Kafka transactions are an unnecessary overhead for consumer-only applications. Transactions are only useful when producing records.

I am using transactions is to achieve the exactly-once Kafka semantics in their newer release because we deal with a lot of database persistence and cannot afford duplicate transactions due to DB constraints.

There is no guarantee for "exactly once" when other technologies are involved. Exactly once only applies to

read->process->write

scenarios where read and write are Kafka. This is a common misunderstanding.

Also, even with kafka-only read/process/write, the "exactly once" semantics apply to the whole shebang only. i.e., the offset of the read is only committed if the write is successful.

The process step will get at least once semantics so you need de-duplication logic whenever you are writing elsewhere in the process step, regardless of whether there is a Kafka write step and (if there is a Kafka write) you are using transactions for exactly once there.

For cases where you are reading from Kafka and writing to a DB, with no write to Kafka, @Transactional on the listener is the right approach (with de-dup logic to avoid duplicates).

For cases where you want exactly once Kafka semantics (read/process/write) but also write to a DB in the process step, you can use a ChainedKafkaTransactionManager in the listener container so the DB transaction is synchronized with the Kafka transaction (but there is still a small window for cases where the DB commit succeeds, but the Kafka transaction fails). So you still need de-dup logic, even then. In that case, you don't want @Transactional on the listener.

EDIT

Producer-only is a bit different; let's say you want to publish 10 records in a transaction, you want them all to be in (committed) or out (rolled back). You must use transactions then.

Consumers of records produced in transactions should have isolation.level=read_committed so they don't see uncommitted writes (default is read_uncommitted).

If you are only publishing single records at a time, and there is no other transactional resource involved, there is little point in using transactions if only Kafka is involved.

If, though, you are reading from a DB, or JMS etc, and writing to Kafka, you would probably want to synchronize the DB and Kafka transactions but, again, the probability of duplicates is still non-zero; how you deal with that depends on the order in which you commit the transactions.

Typically, de-duplication is application-dependent; often some key in the application data is used so, for example, a SQL INSERT statement is made conditional on that key not already existing in the DB.

Kafka provides a convenient unique key for each record, with the combination of topic/partition/offset. You could store those in the DB along with the data to prevent duplicates.

EDIT2

SeekToCurrentErrorHandler (STCEH) is usually used when NOT using transactions; when the listener throws an exception, the error handler resets the offsets so the record is refetched on the next poll. After some number of attempts, we give up and call a "recoverer", such as the DeadLetterPublishingRecoverer to write the failed record to another topic.

It can still be used with transactions, however.

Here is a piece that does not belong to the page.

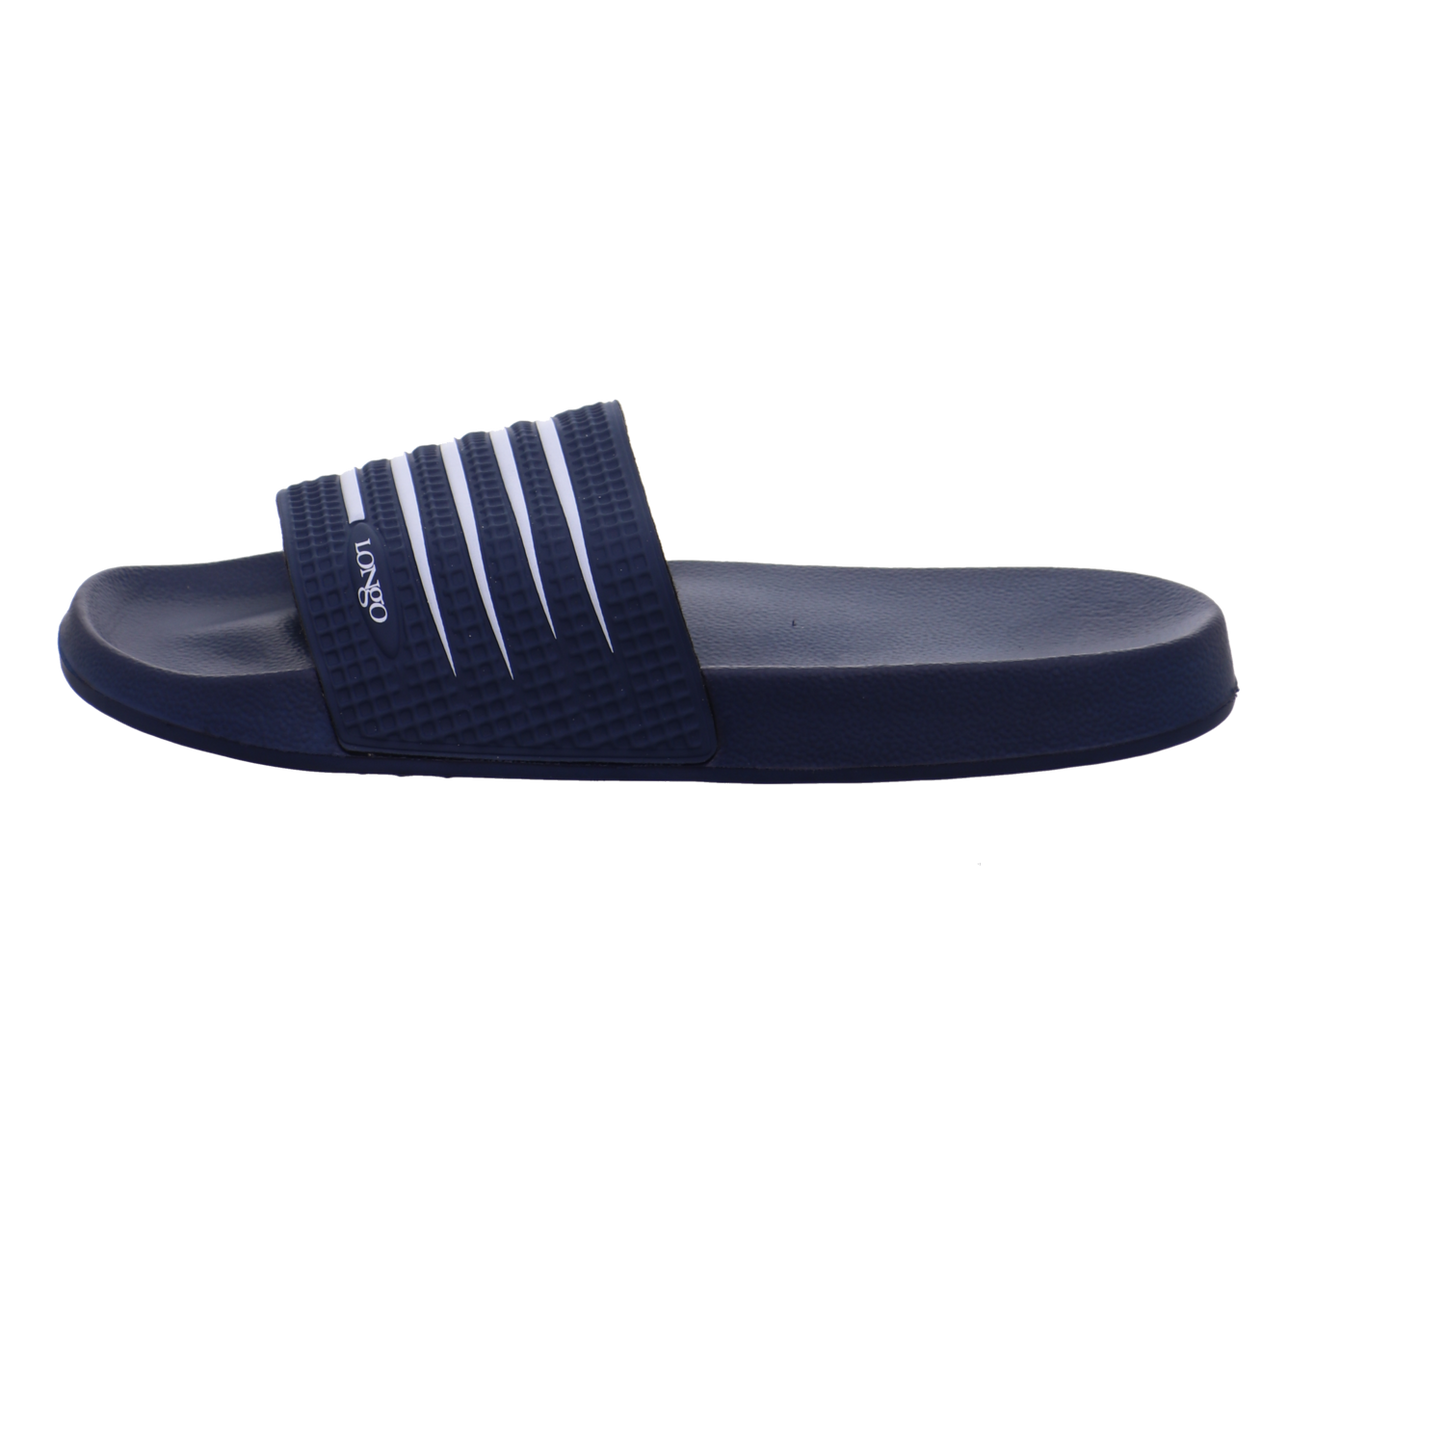 Sprint Schuhe  dunkel-blau Bild1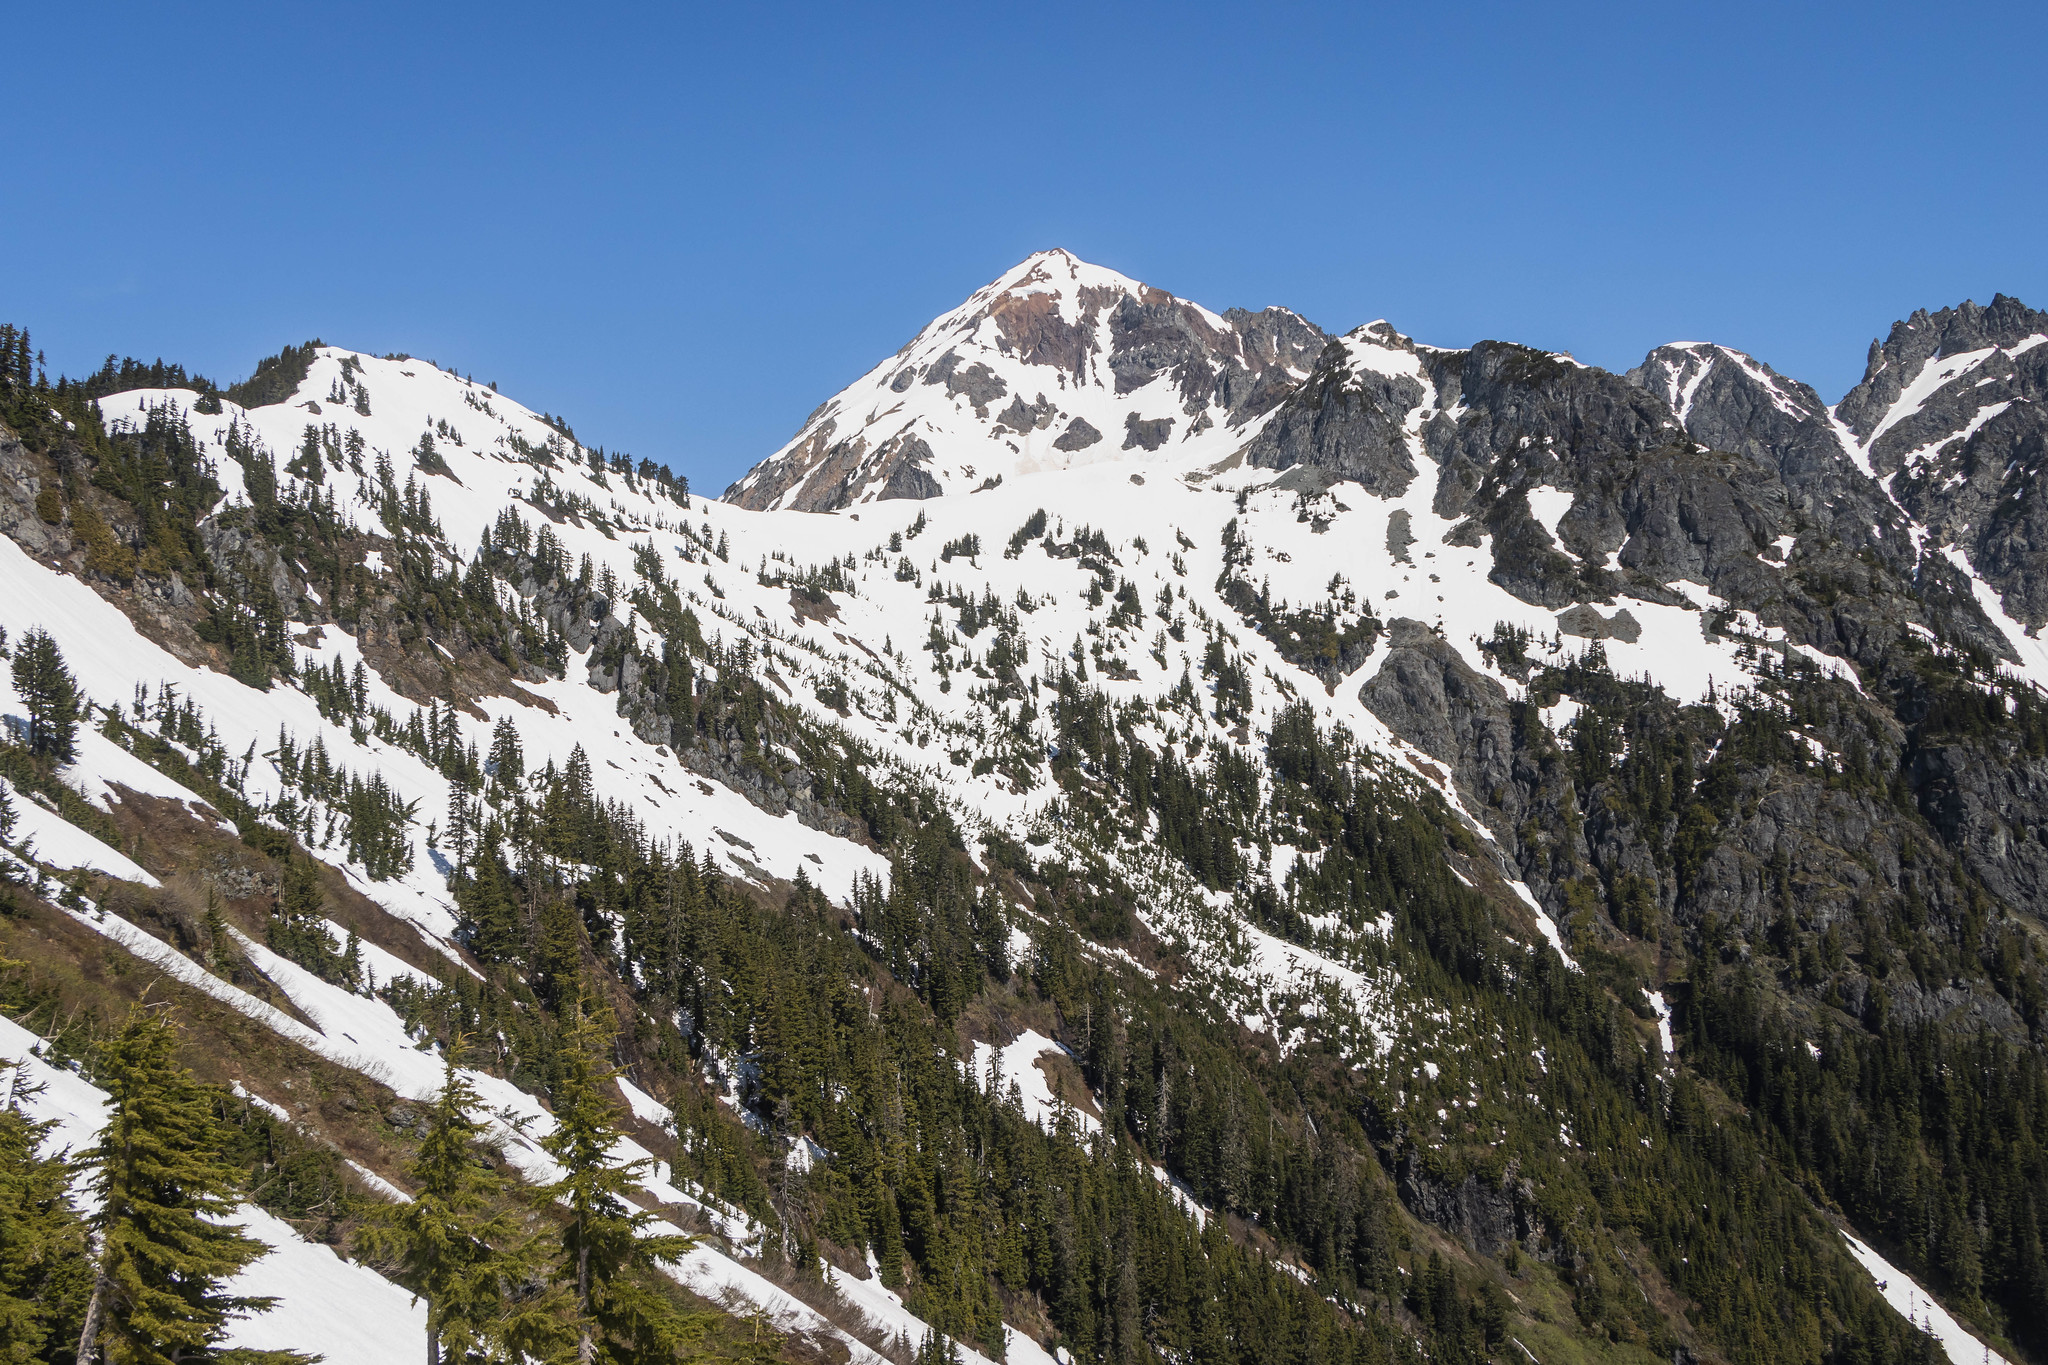 Aiming for High Pass below Mount Larrabee

The error handler is called within the scope of the transaction (before the rollback) so, if it throws an exception (which it does unless the recoverer "consumes" the failure), the transaction will still roll back. If the recovery is successful, the transaction will commit.

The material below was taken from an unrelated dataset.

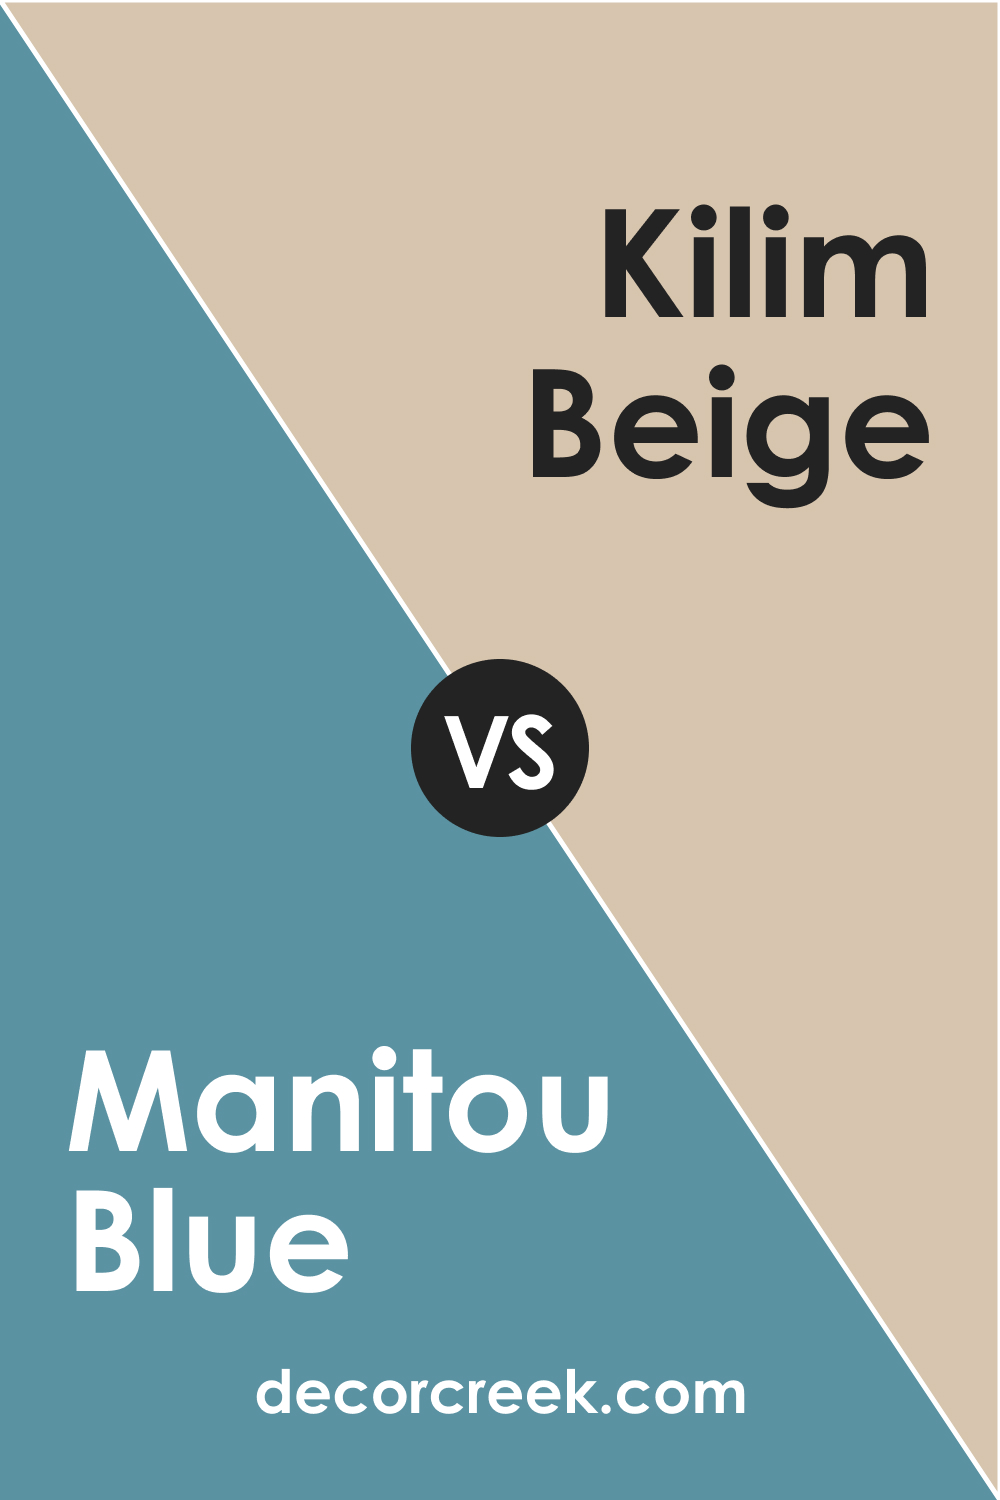 SW 6501 Manitou Blue vs. SW 6106 Kilim Beige

The AfterRollbackProcessor (ARP) was added before recovery capability was added to the STCEH. It essentially does exactly the same as the STCEH, but it runs outside of the scope of the transaction (after the rollback).

Configuring both won't hurt anything because there will be nothing for the ARP to do if the STCEH has already performed the seeks.

I still prefer to use the ARP with transactions and STCEH without - if only to get appropriate log categories for log messages. There may be other reasons that I can't think of right now.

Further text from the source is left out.